Our eldest son was born with underdeveloped lungs. He spent the first ten days of his life in NeoNatal ICU. We couldn’t hold him for the first five days because, in order to get all the drugs he needed into his little system, they had had to open up his belly button and connect several drips and all manner of wires to him. Not to mention the breathing apparatus and the heart monitoring equipment.
He couldn’t breastfeed for the first week. It was a miracle that he did at all. He had to move from tube feeding (my expressed milk) to a bottle when he was a bit stronger (still my milk) and eventually, best case, to my breast.
We stood by our little boy’s hospital bed and prayed. Sang songs to him. We prayed some more. Grateful he was alive.
Each day we asked, “How long until we can take him home?” …and each day we left the hospital without him.
We went home to our empty flat. We cried out in pain and frustration. Then we turned around and went back to the hospital. I expressed milk in the maternity ward behind a curtain. We stood by his bedside again.
I will never forget the moment I held him for the first time. He was so tiny in my arms. So fragile. So warm with his soft shock of brown hair and curled up tiny hands. Reaching. Clasping. Well enough to be held at last.
I have NEVER known love like that. He was so beautiful. My boy.
And, yes, all the “perfect” rules went out the window.
Some time later, my husband asked friends who had attended the Preparation for Parenting Course with us if any-one had ever managed to get a baby to sleep through at eight weeks. There was one couple who had: The facilitators of the course. They had pulled it off with their third child. Thanks. Thanks ever so much.
I have a friend who had two water births.
No drugs. Just her, her husband, her doula and the baby. And of course the birthing pool. It was beautiful. I know because I went to see her afterwards and I have never seen a more perfect birth scenario in my life. She, her husband and the baby were sharing a beautiful room with a garden view. The birthing pool had been cleaned away and all that was left was a beautiful, satisfied mom, a healthy baby and a proud, glowing father. It was as close to perfect as anything I have ever seen.
A few months later she called me in a panic. “We can’t break her fever. I think we have to give her Calpol. How can live with myself?!”
I smiled through my tears. Our eldest son was six months old at the time. He had had intravenous antibiotics at birth. Life saving medicine that kick started his lungs and came with a little teddy bear to put in your child’s cot. Antihistamine, painkillers and everything in between. All at less than a day old.
Today, at age seven, he is the healthiest, most wonderful little man you will ever have the privilege of meeting. Believe me. All you have to do is look into his shiny eyes as he shakes your hand and introduces himself with a grin and you’ll see what I mean.

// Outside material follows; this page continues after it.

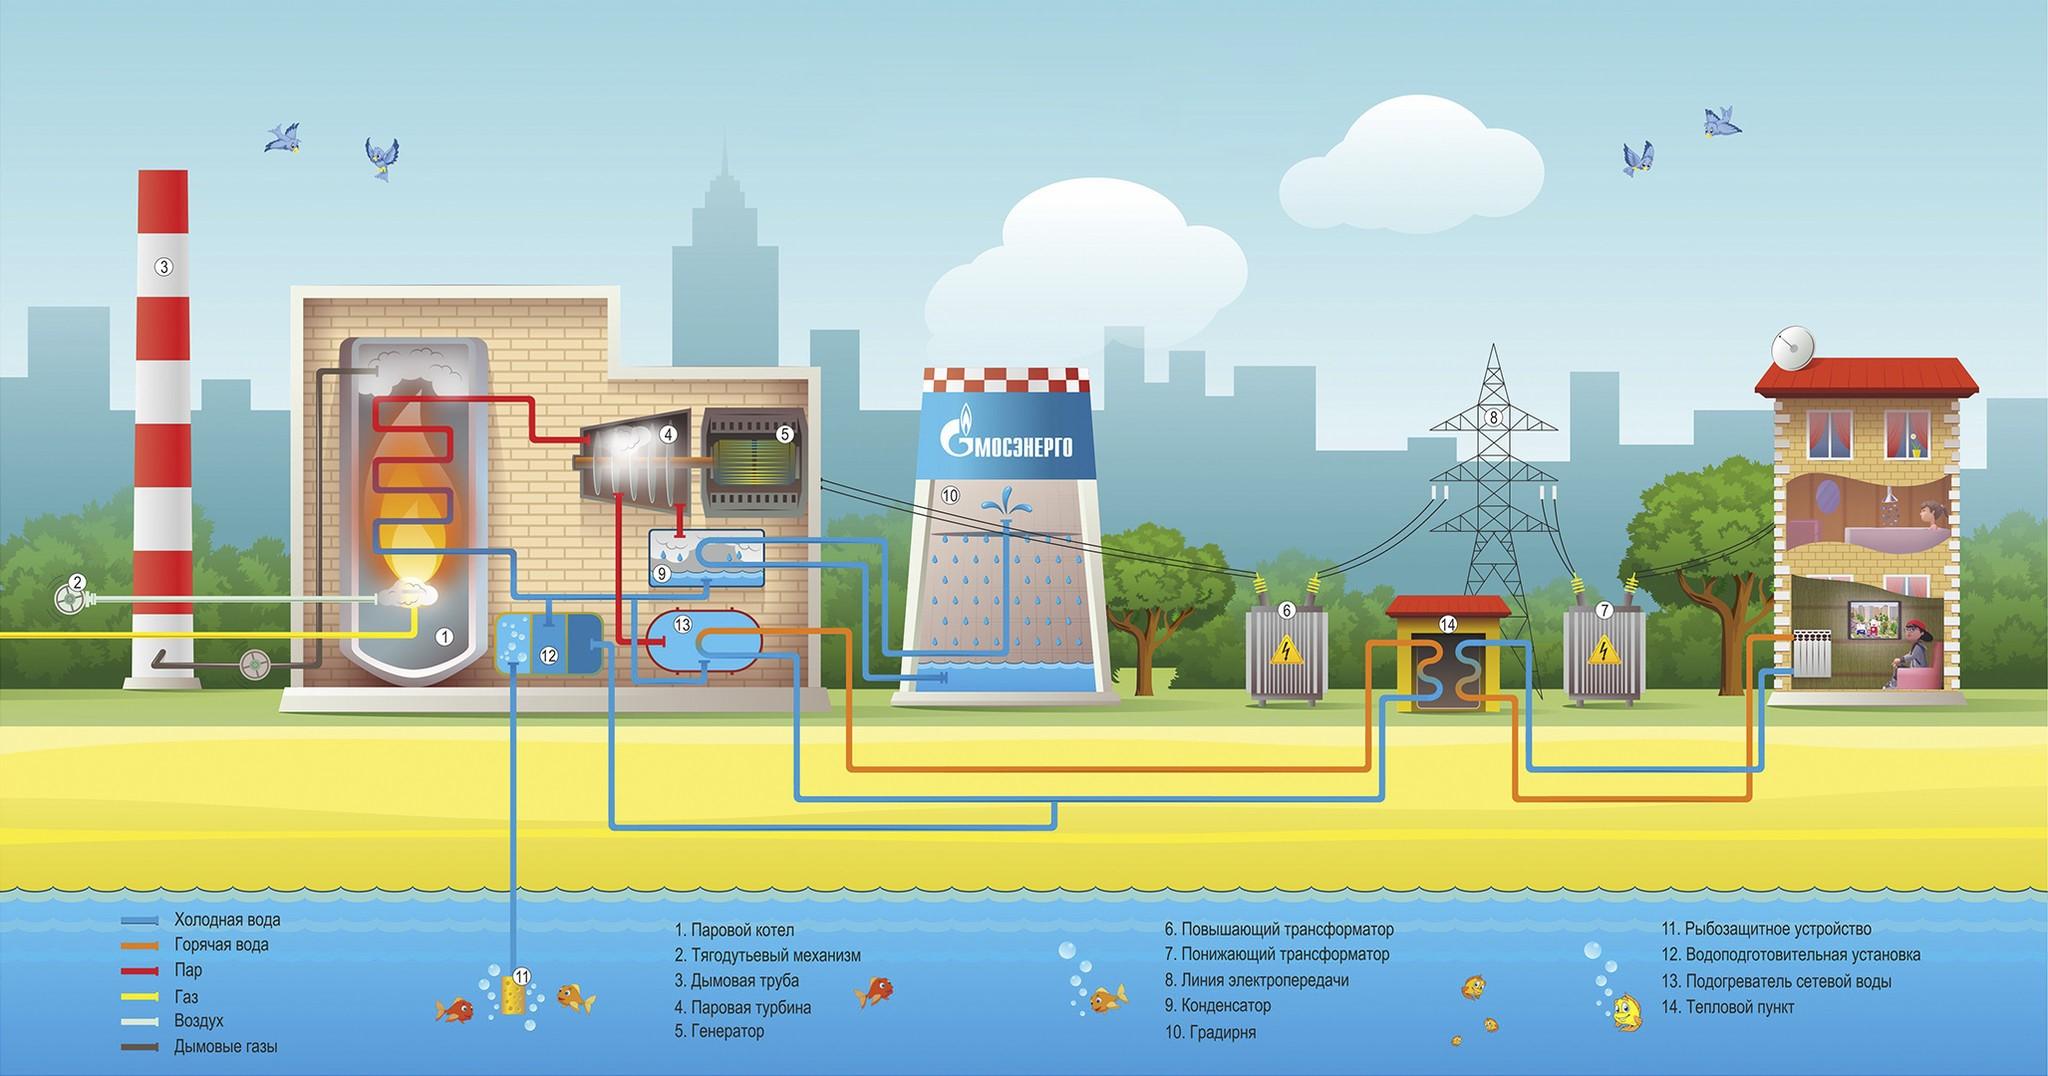 Паровые турбины: как горячий пар превращается в электричество - 2

“My friend,” I said through my gentle tears at her pain and my own, “You are an amazing mum. You’ve had the most perfect experience. Your little girl is SO lucky to have never needed medicine. But it won’t kill her, I promise. You’ll be fine. She’ll be fine. Just give her five mls and put her down to sleep.”
There is no perfect baby.
No matter your birth plan, there is no perfect birth.
There is definitely no such thing as a perfect child. Or parent. Or parenting book.
There is no such thing as a one-size-fits all routine / parenting guide / manual for your little one.
Nothing can prepare you for parenting. Nothing can prepare you for the sleepless nights. The hormones rushing through your body at warp speed. For the judgement… Your own. Others’. The media’s. Even the judgement you experience from the books you read, the antenatal courses you attend and your parents’ advice.
All the rules will go out the window. Believe me, they will. Especially if you’re reading this before having kids.
No matter how perfect you think you, your body or your baby are… something will go wrong. It will be hard. But you will make it through somehow.